Exercise prompt: Your response should consist of the entire listing, transcribed exactly, with every image left out.

Stored data:
^^^^
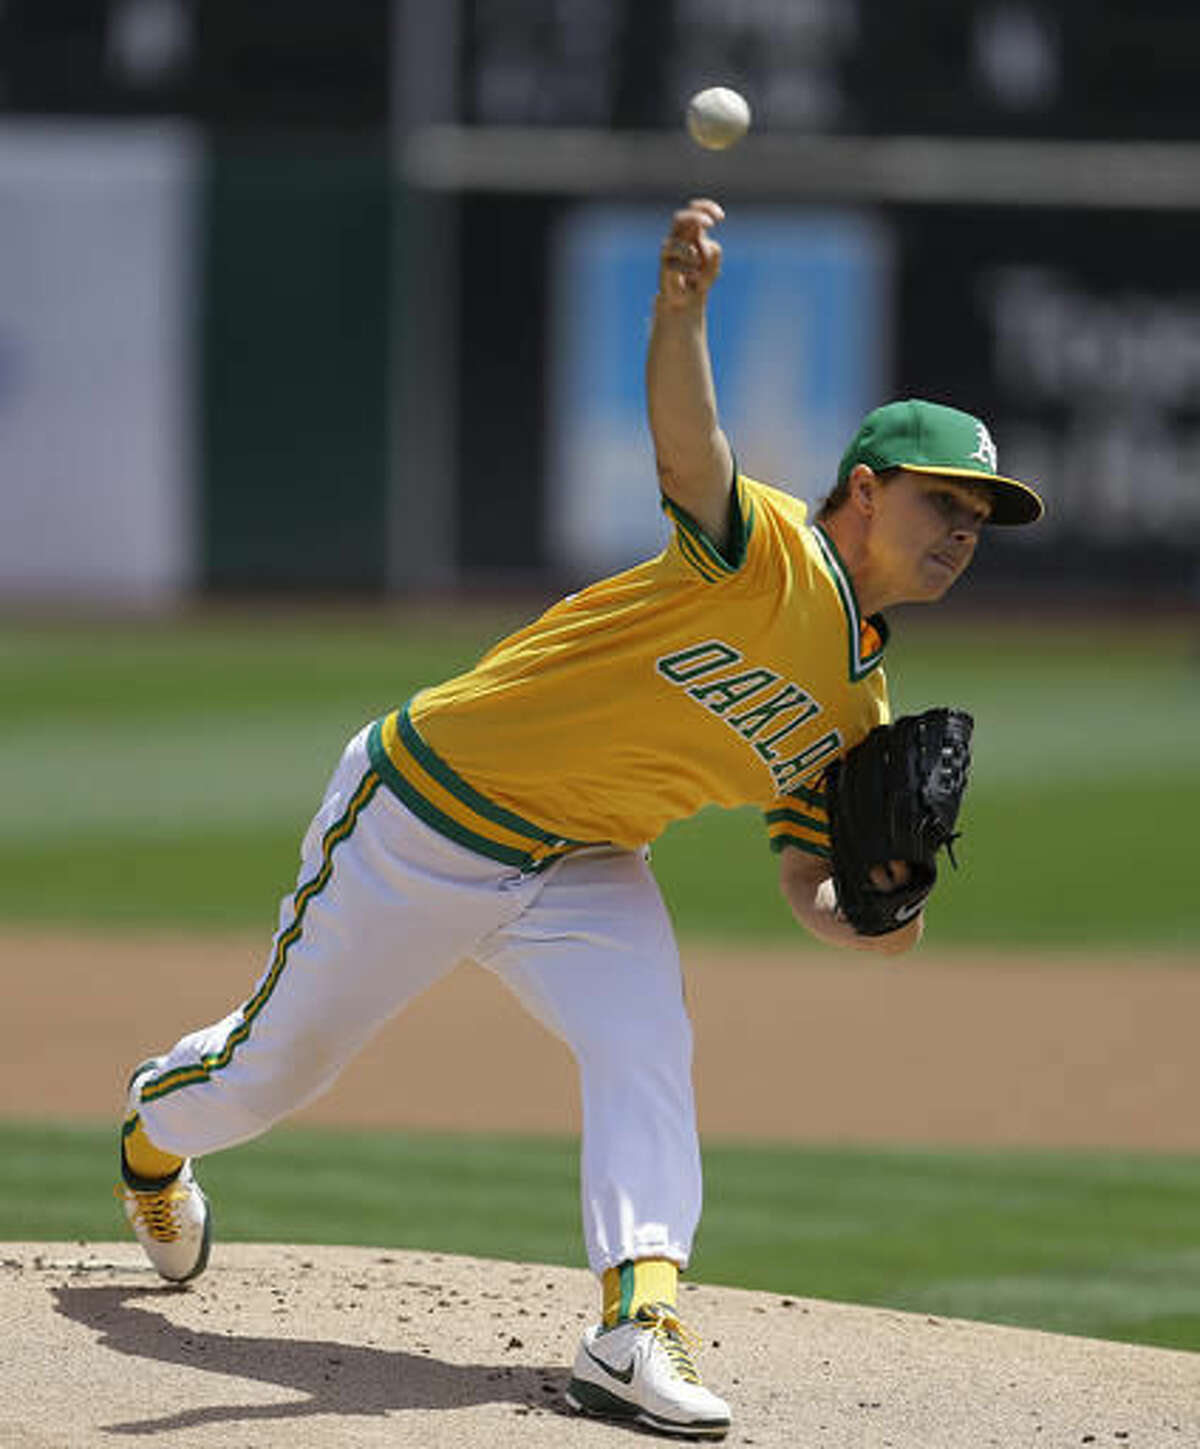 Oakland Athletics pitcher Sonny Gray works against the Chicago Cubs in the first inning of a baseball game Saturday, Aug. 6, 2016, in Oakland, Calif. (AP Photo/Ben Margot)
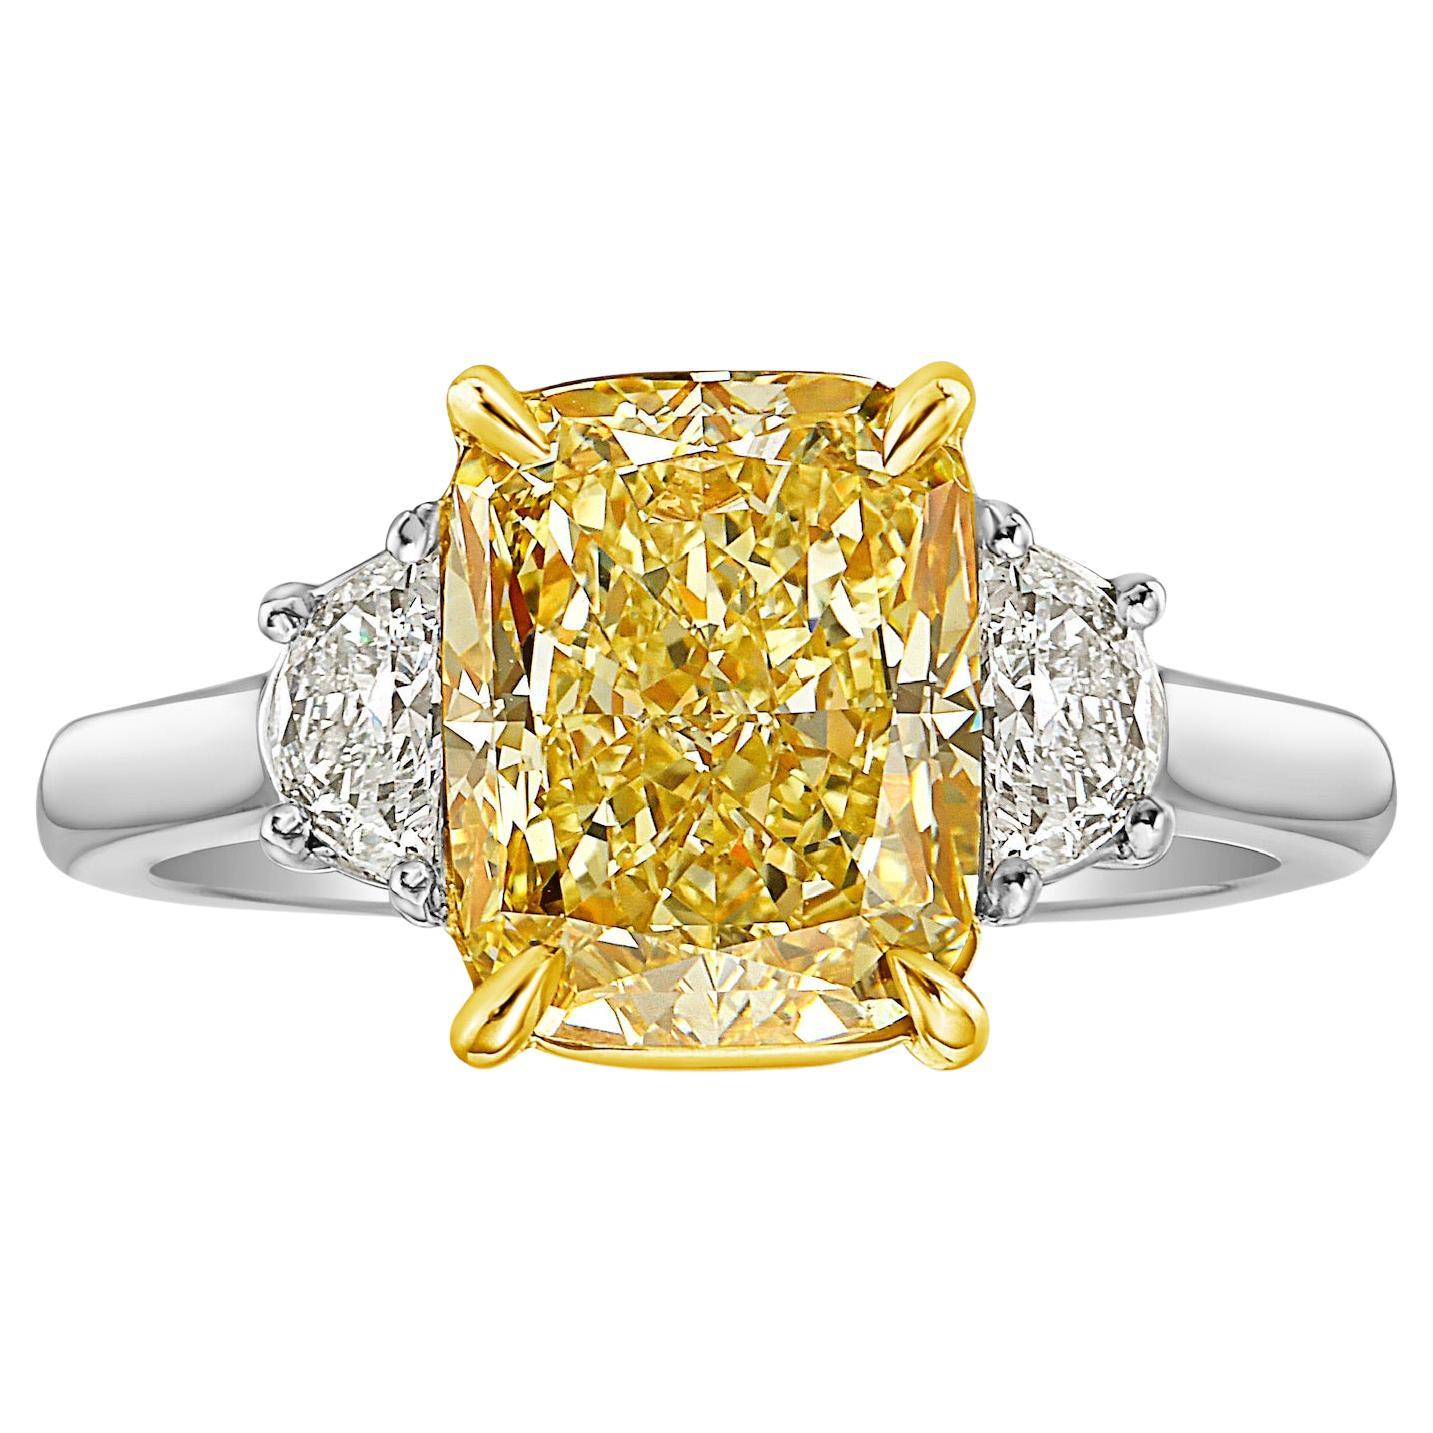 3.48ct VVS1 Fancy Yellow Cushion Diamond Engagement Ring For Sale
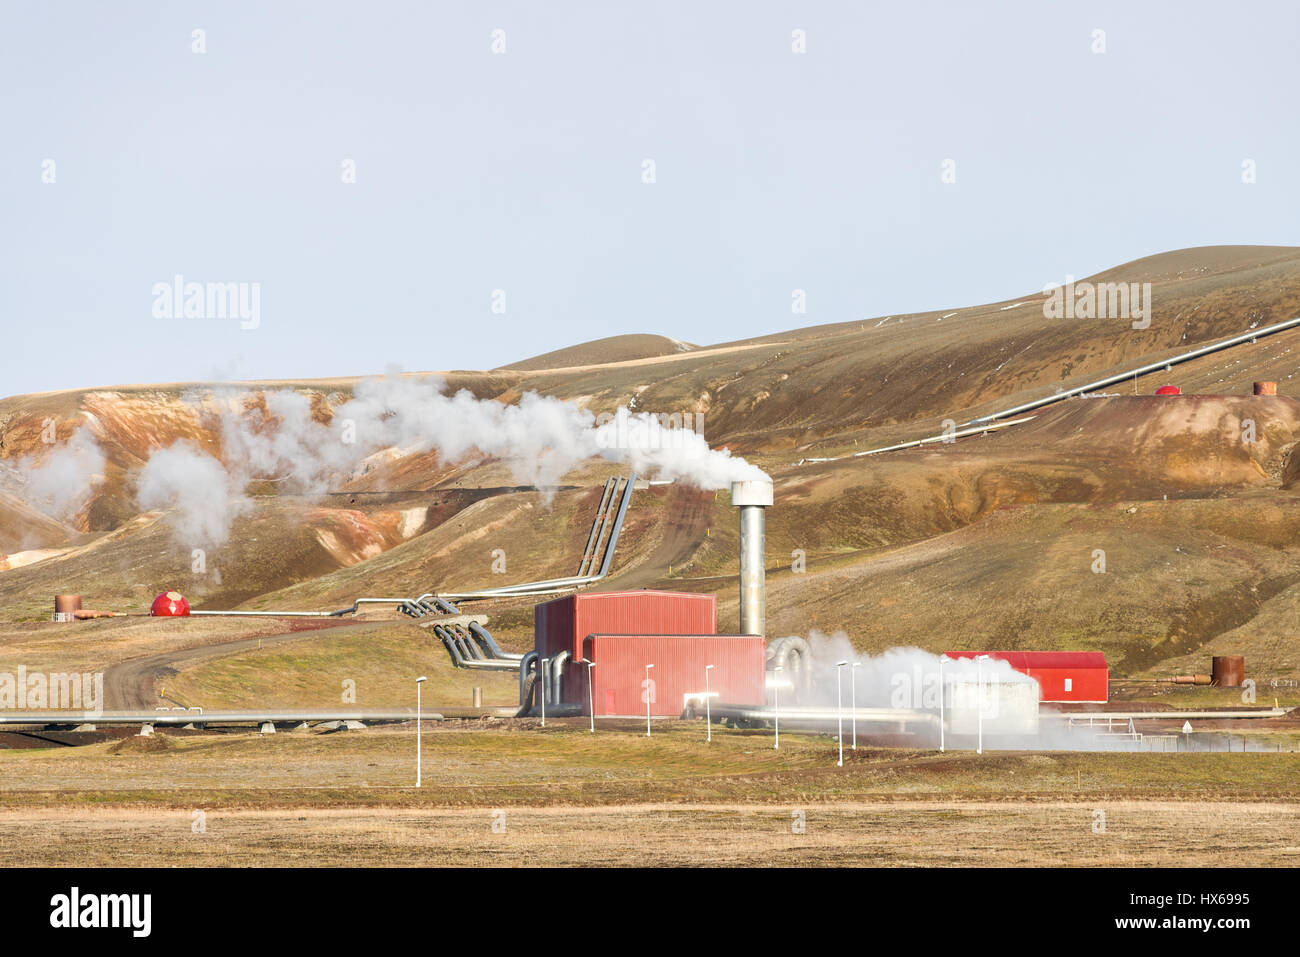 Krafla geothermal power plant with steam coming out of the chimney, Iceland Stock Photo
^^^^
Result:
 Oakland Athletics pitcher Sonny Gray works against the Chicago Cubs in the first inning of a baseball game Saturday, Aug. 6, 2016, in Oakland, Calif. (AP Photo/Ben Margot)
 3.48ct VVS1 Fancy Yellow Cushion Diamond Engagement Ring For Sale
 Krafla geothermal power plant with steam coming out of the chimney, Iceland Stock Photo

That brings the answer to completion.